After finding the line containing "Как покрыть крышу" below, please output that line and each following one through the line containing "Zara Multicolor Striped Trousers", exactly as written.

▶ _Dataset excerpts_:
-- Opening Marker --

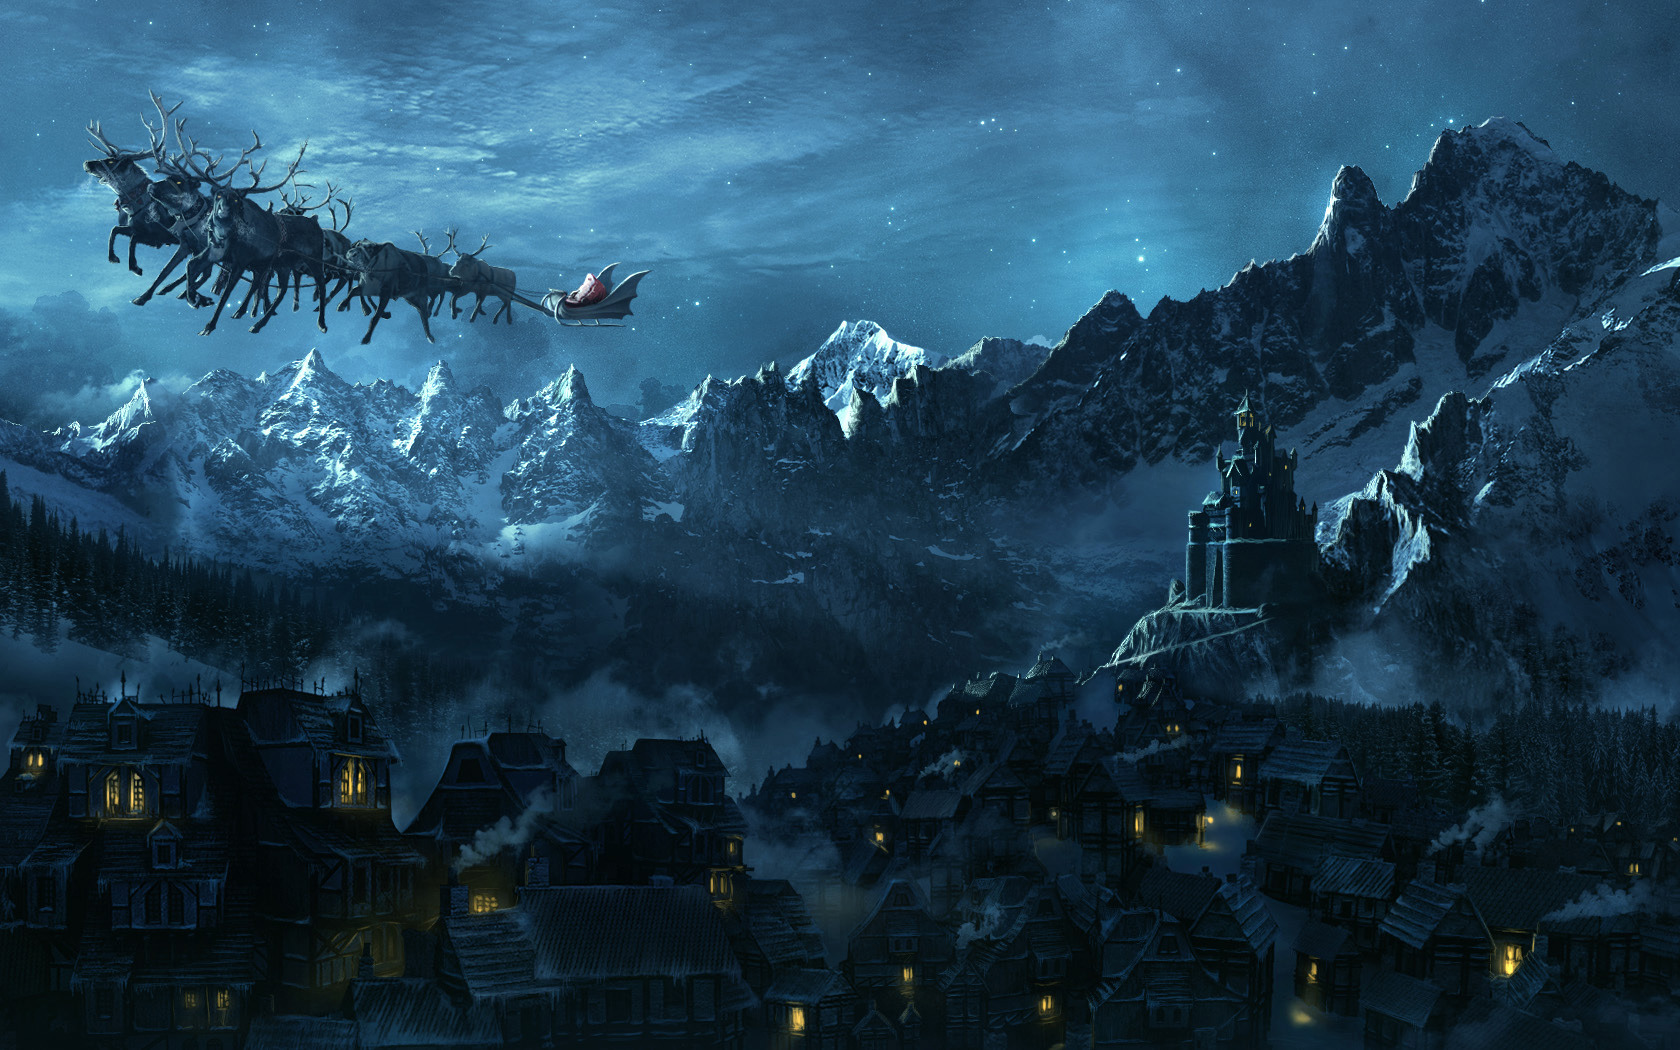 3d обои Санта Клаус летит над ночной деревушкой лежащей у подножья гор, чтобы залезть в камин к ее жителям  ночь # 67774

-- Closing Marker --
-- Opening Marker --

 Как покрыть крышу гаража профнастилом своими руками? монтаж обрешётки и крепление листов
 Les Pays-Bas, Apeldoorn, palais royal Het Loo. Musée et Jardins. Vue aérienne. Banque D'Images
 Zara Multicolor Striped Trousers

-- Closing Marker --
-- Opening Marker --

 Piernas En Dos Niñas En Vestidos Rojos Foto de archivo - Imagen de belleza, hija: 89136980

-- Closing Marker --

▶ _Completed exercise_:
 Как покрыть крышу гаража профнастилом своими руками? монтаж обрешётки и крепление листов
 Les Pays-Bas, Apeldoorn, palais royal Het Loo. Musée et Jardins. Vue aérienne. Banque D'Images
 Zara Multicolor Striped Trousers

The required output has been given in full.